Outro atrativo do livro de Vieira é discutir as implicações e as aplicações práticas de descobertas da física teórica. O emaranhamento, por exemplo, pode ser utilizado no futuro para criptografar dados, aumentando a segurança e a privacidade de informações. Mesmo a descoberta do bóson de Higgs, que o autor reconhece como não tendo nenhum impacto direto em nossas vidas, teve consequências indiretas, a tecnologia necessária para fazer a sua descoberta levou à criação do sistema World Wide Web, uma das linguagens usadas na internet.

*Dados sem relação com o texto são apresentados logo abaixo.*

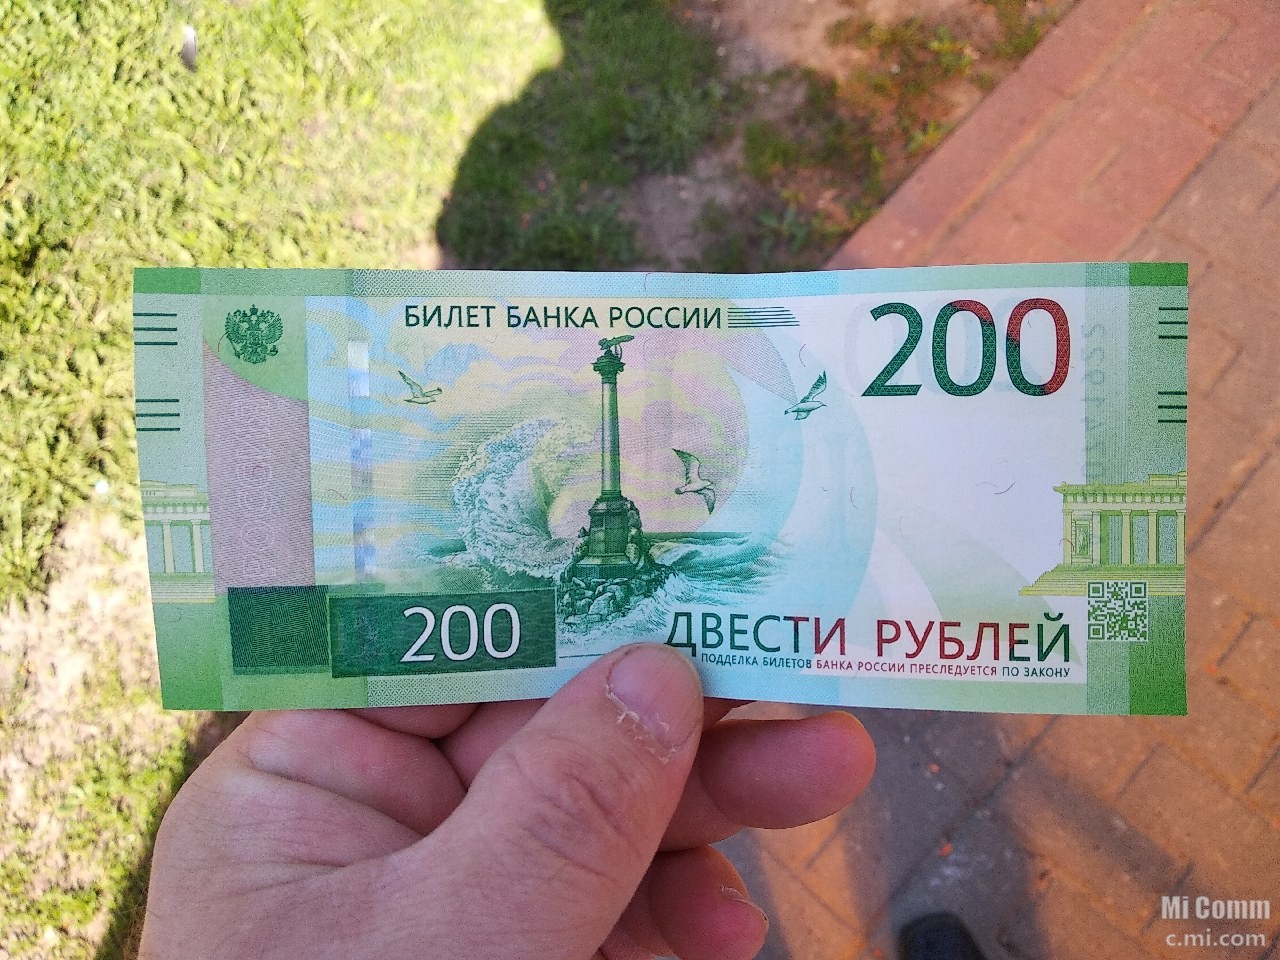 200 купюра фото. 200 Рублей. Купюра 200 рублей. 200 Рублей банкнота.
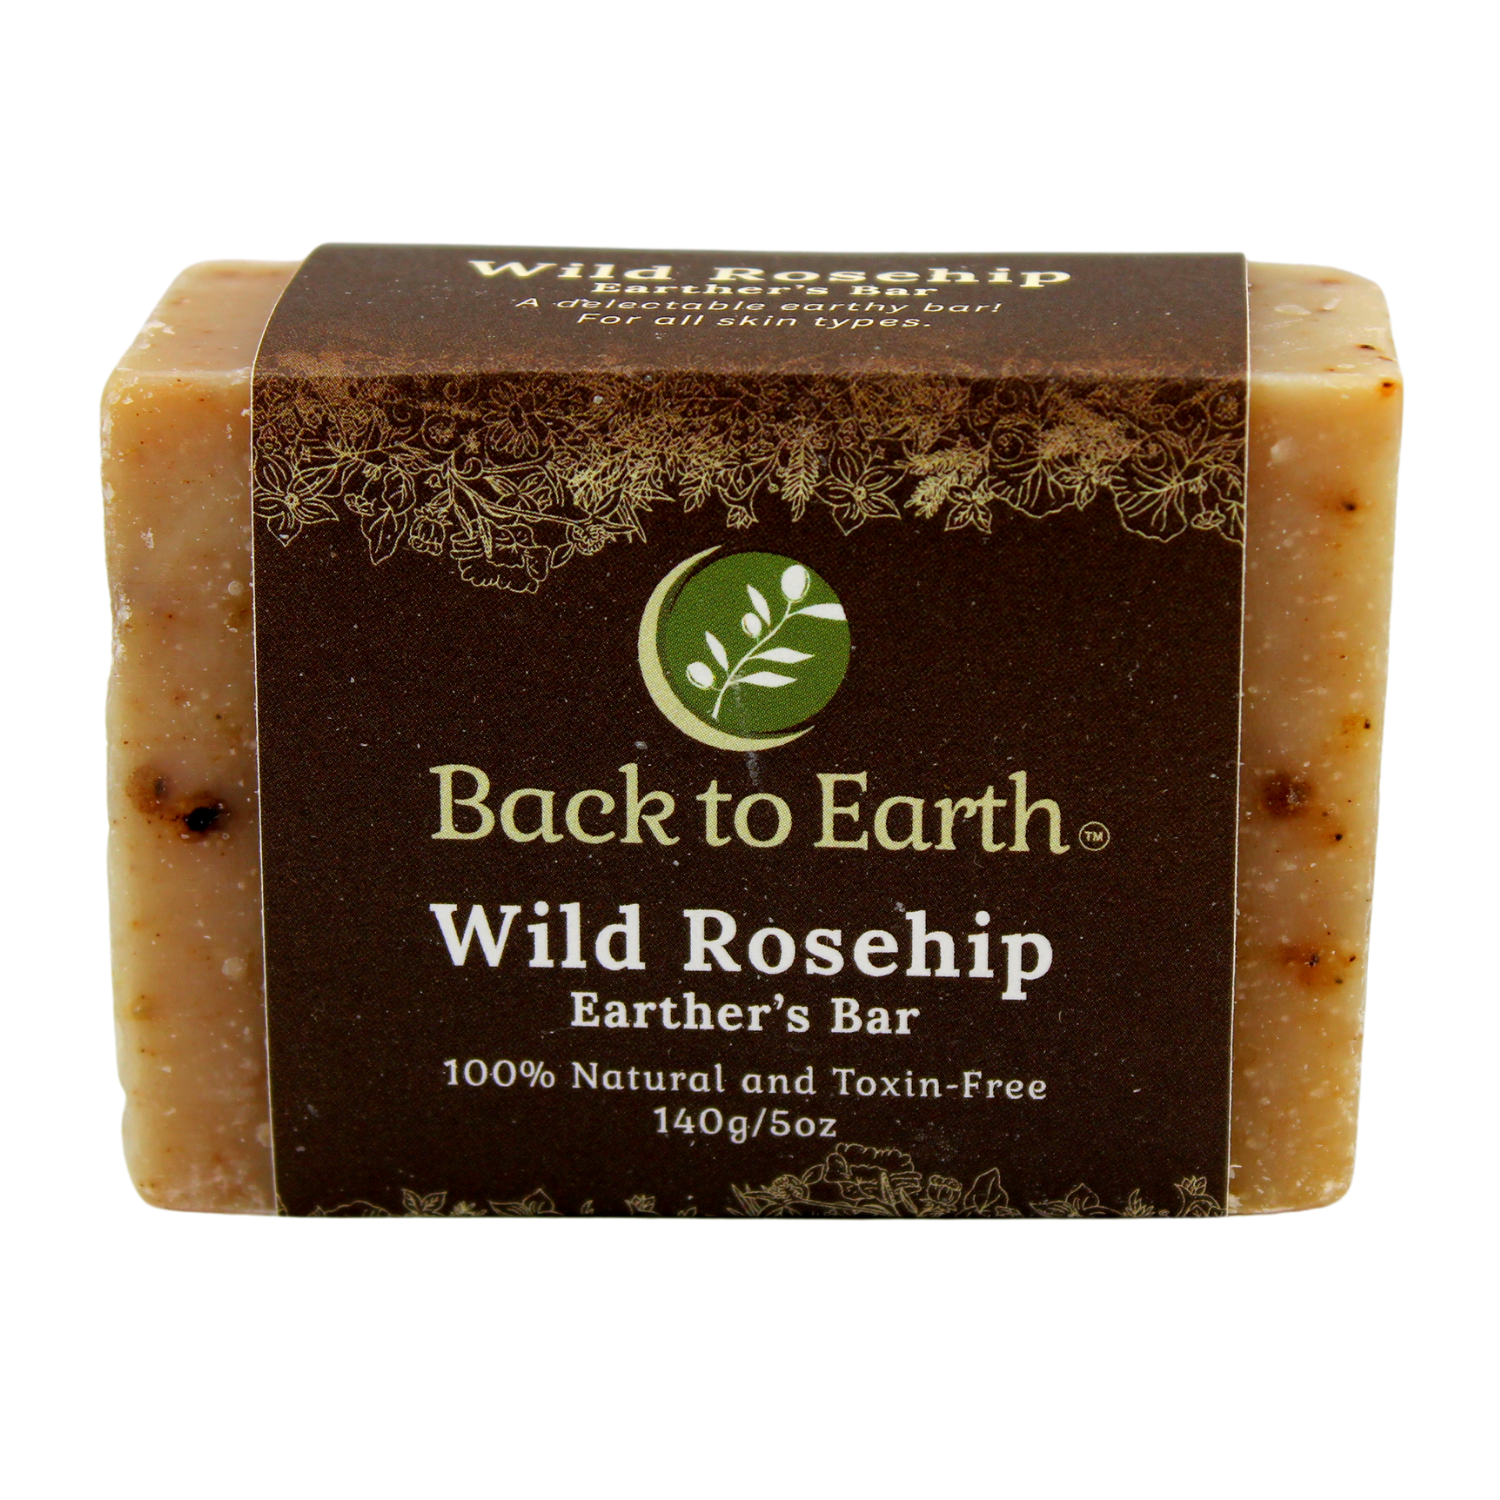 Wild Rosehip Earthers' Bar Soap - 140g

A obra traz também a história dos principais nomes da física brasileira. Desde a geração de cientistas que surgiu em nosso país na primeira metade do século XIX, como Mario Schenberg, Joaquim Costa Ribeiro, Marcelo Damy de Souza Santos e Sonja Ashauer, até a geração atual, incluindo o matemático Artur Ávila, laureado em 2014 com a Medalha Fields, o “Nobel” da matemática.

Entre diversas histórias, o autor narra como Cesar Lattes, talvez o mais conhecido dos físicos brasileiros, esteve envolvido na descoberta e na primeira produção artificial de partículas subatômicas chamadas mésons-pi, responsáveis por mediar a força que mantém prótons e nêutrons unidos no núcleo de um átomo, e como seu papel foi fundamental para o desenvolvimento da física experimental brasileira. Demais nomes, como o de José Leite Lopes e Jayme Tiomno, também são lembrados e discutidos com maior aprofundamento por Vieira.

Além disso, histórias menos conhecidas da física brasileira são contadas. Por exemplo, a de como uma comunidade de físicos japoneses, no Brasil, ajudou o desenvolvimento da física de partículas no Japão após a Segunda Guerra Mundial.

O livro História da física: artigos, ensaios e resenhas está disponível gratuitamente e pode ser baixado pela internet.